DESCRIPTION OF THE TASK →
Without the images, repeat every line of the listing exactly.

DATA EXCERPT →
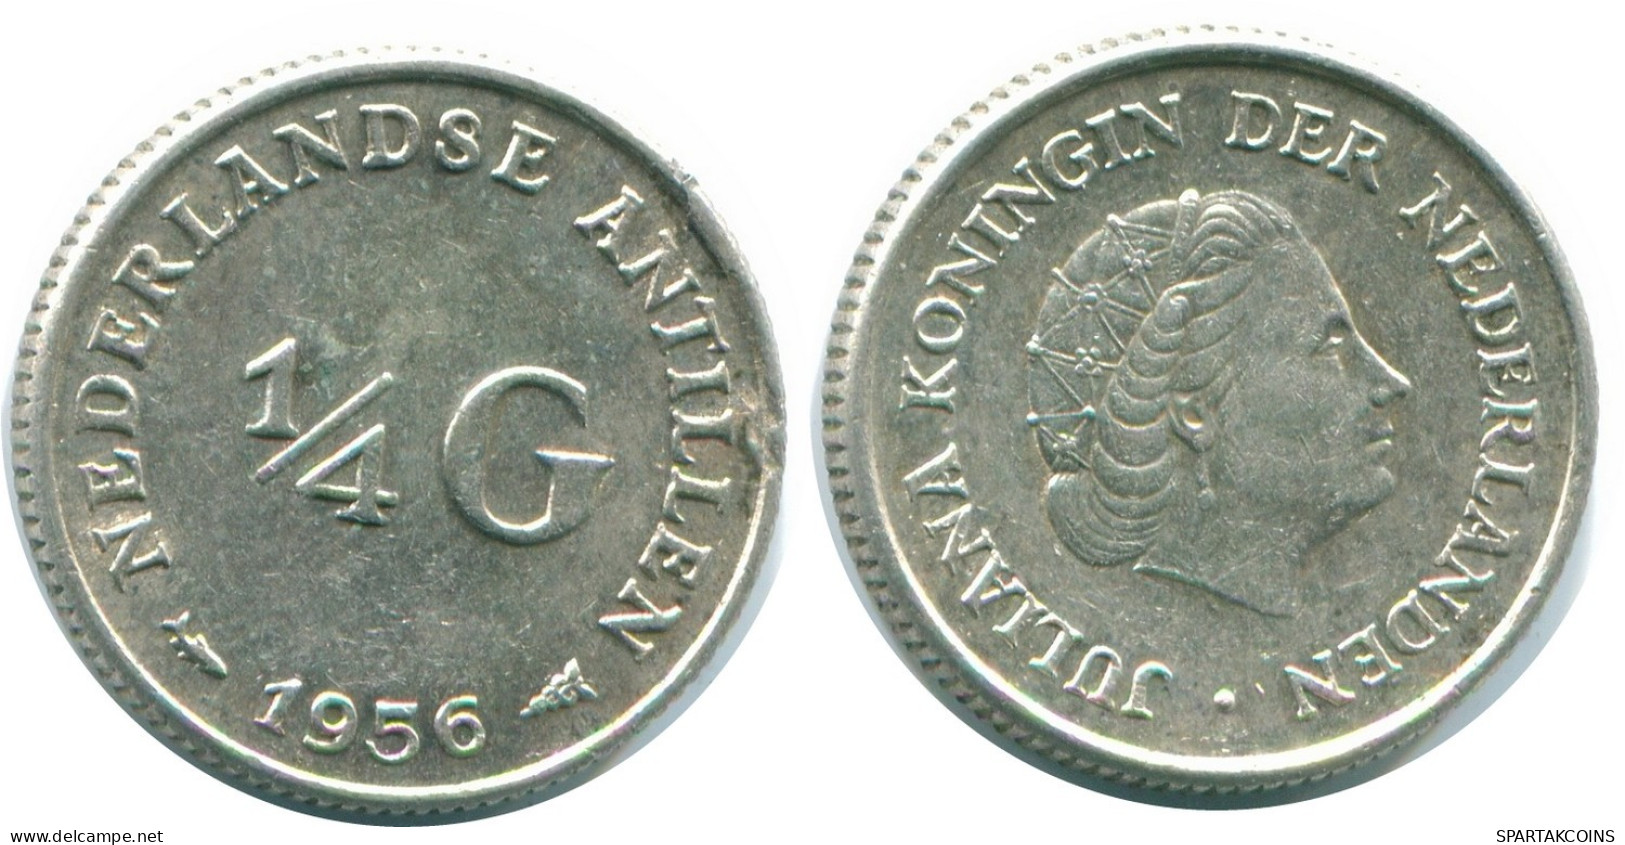 1/4 GULDEN 1956 NIEDERLÄNDISCHE ANTILLEN SILBER Koloniale Münze #NL10910.4.D.A - Antilles Néerlandaises
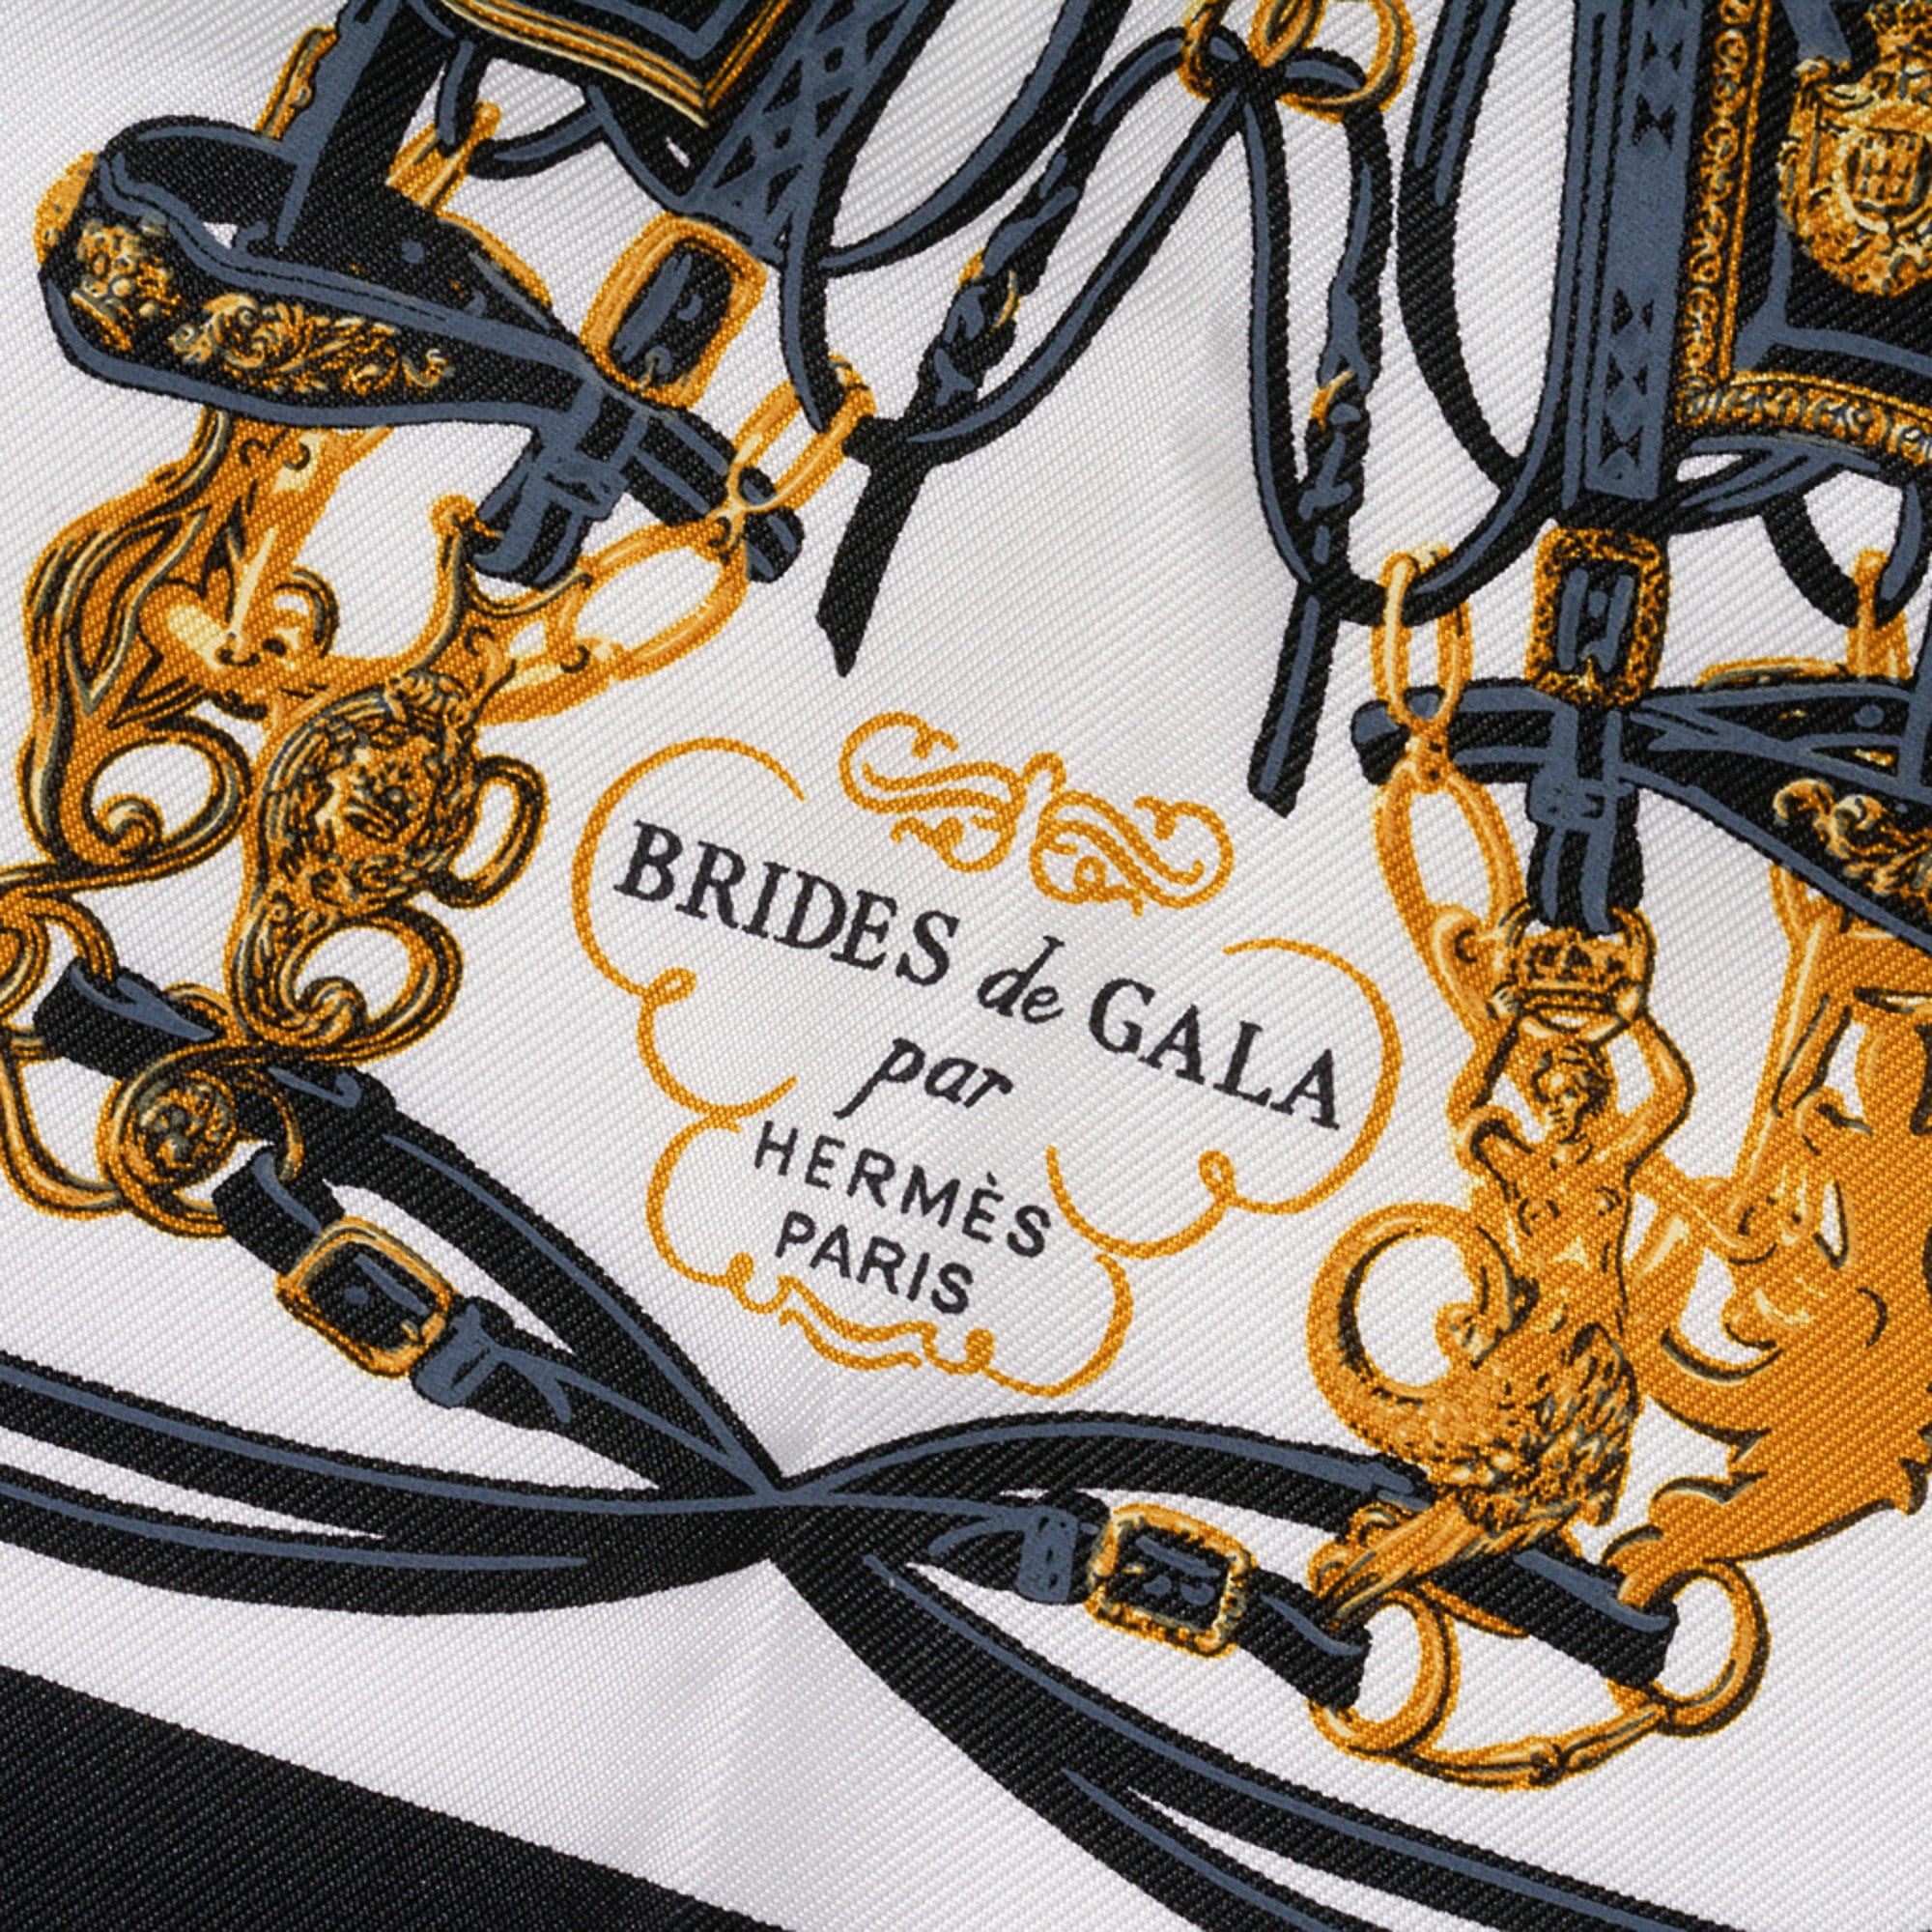 Hermes Brides de Gala Hermes Framed Scarf
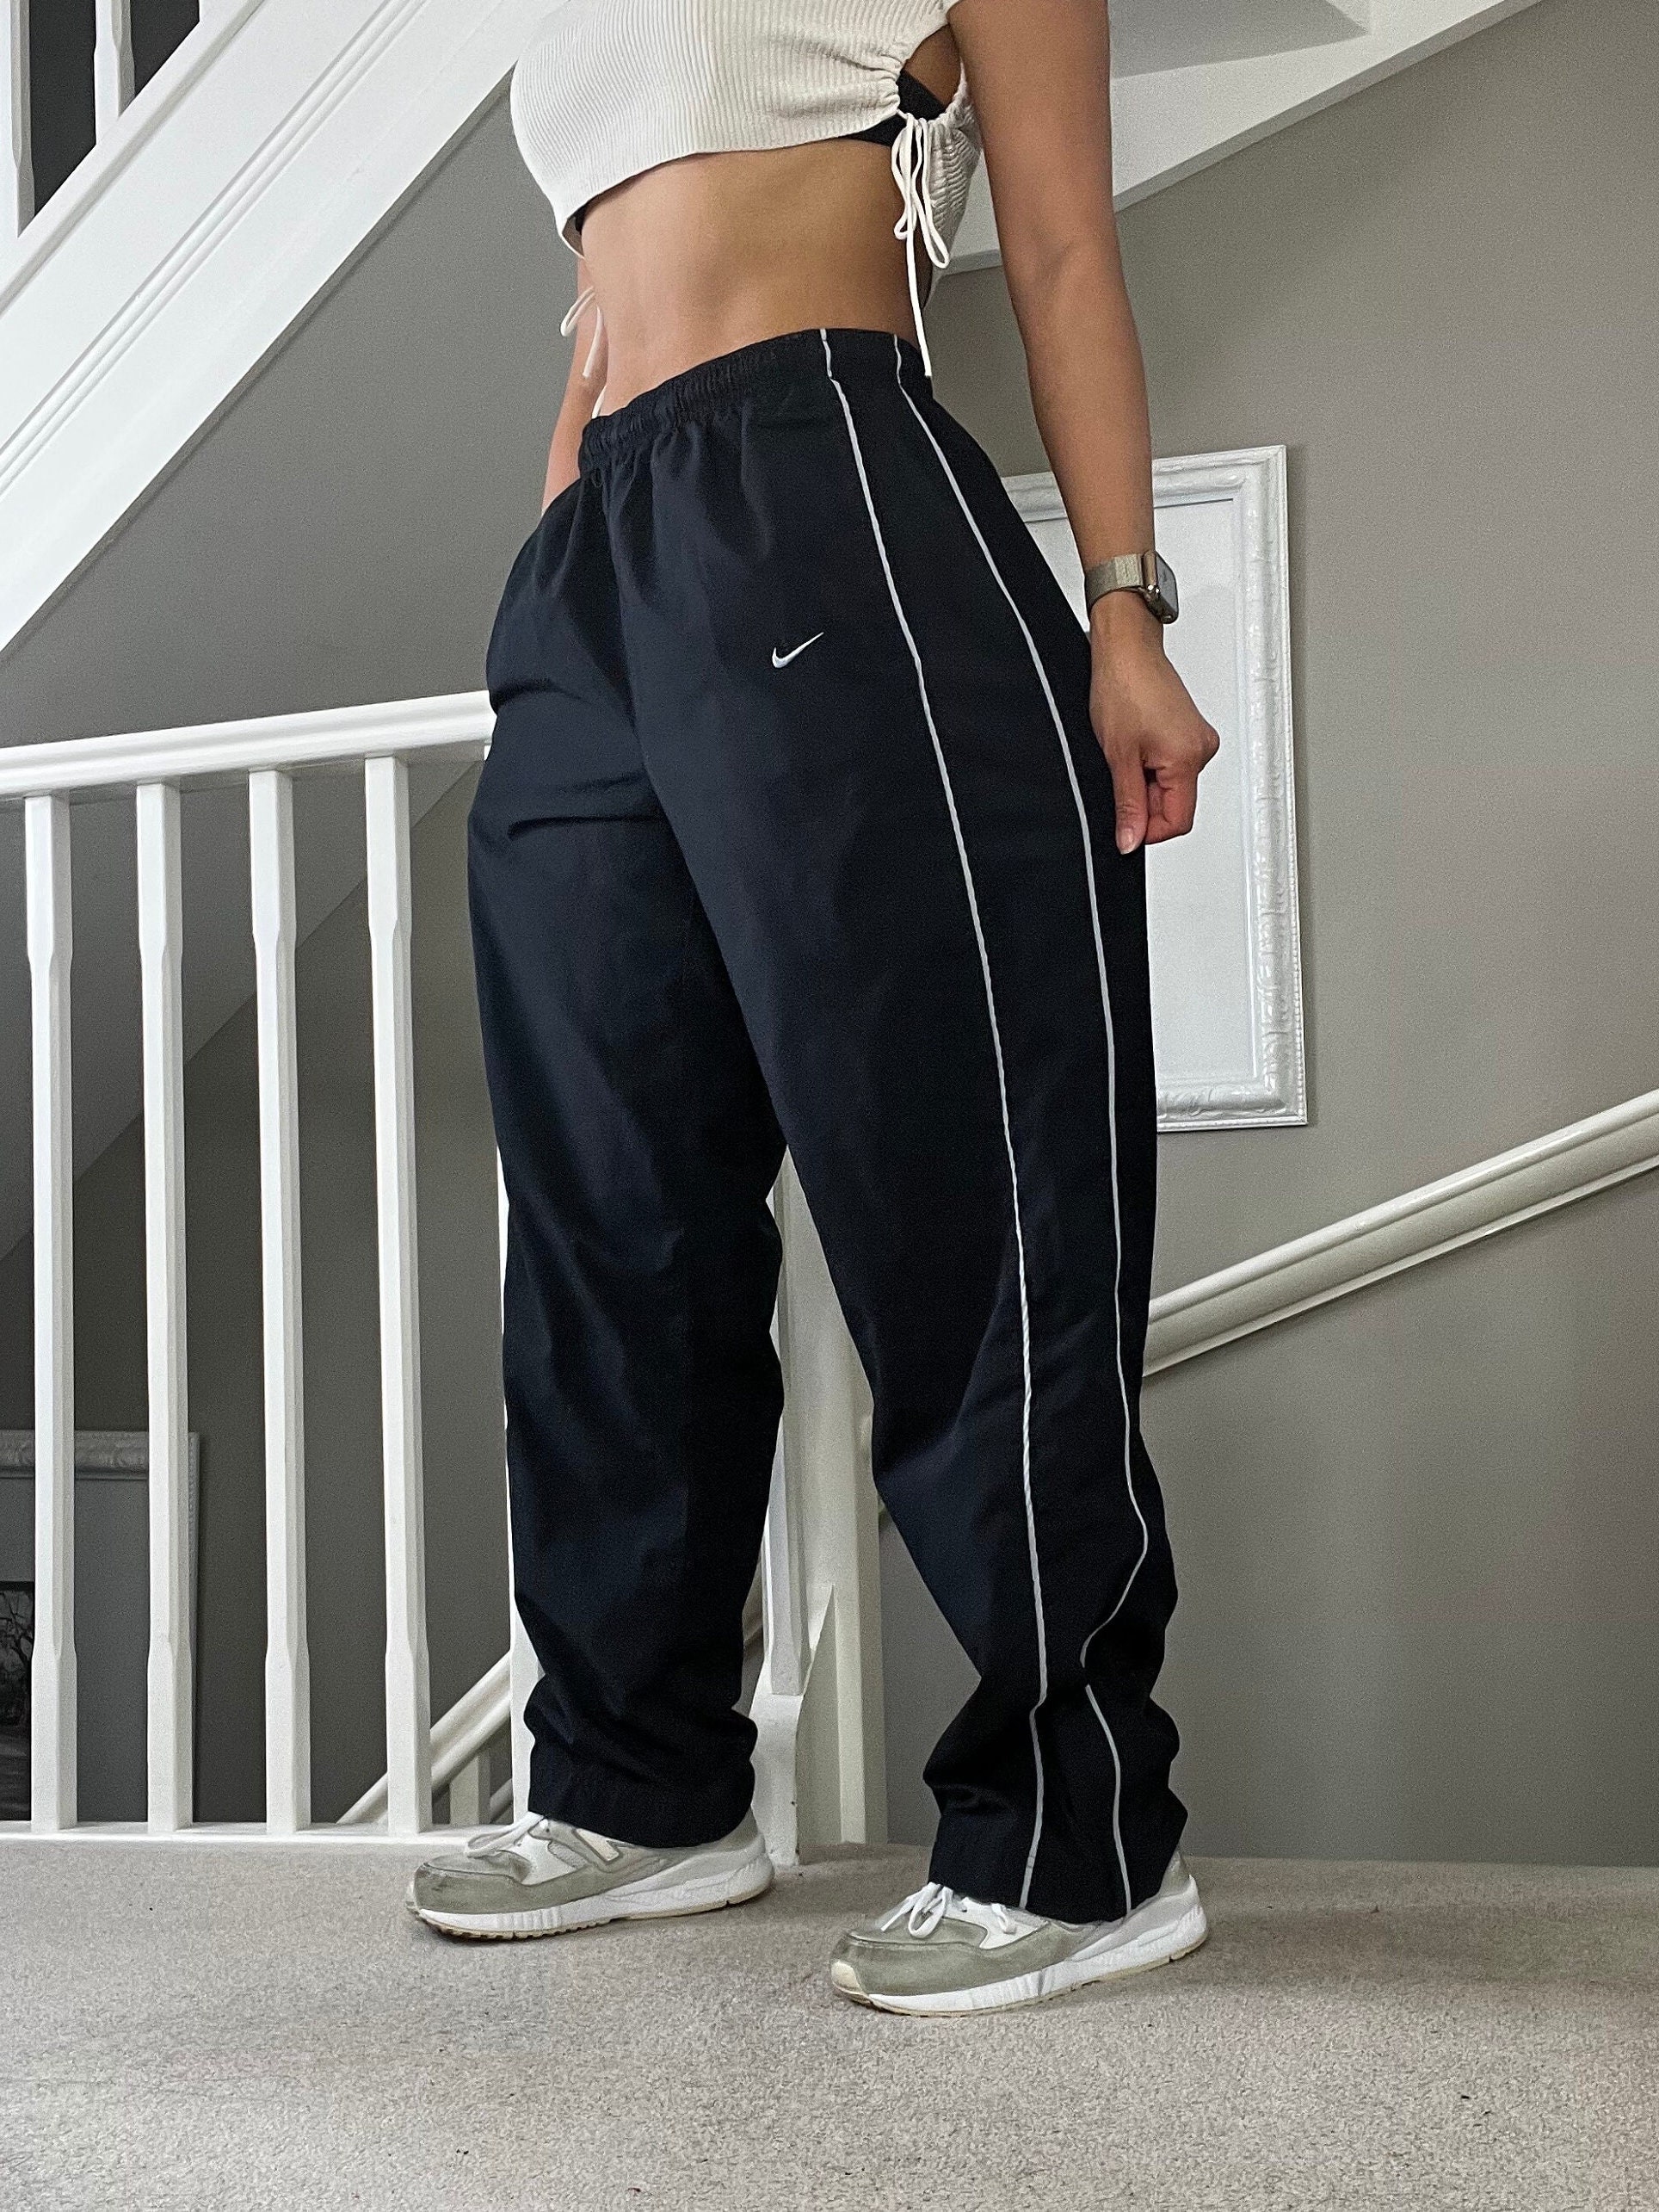 Nike Track Pants Womens Large Black Elastic Waist Ankle Cinch Vintage Y2K

PROBLEM SOLUTION →
 1/4 GULDEN 1956 NIEDERLÄNDISCHE ANTILLEN SILBER Koloniale Münze #NL10910.4.D.A - Antilles Néerlandaises
 Hermes Brides de Gala Hermes Framed Scarf
 Nike Track Pants Womens Large Black Elastic Waist Ankle Cinch Vintage Y2K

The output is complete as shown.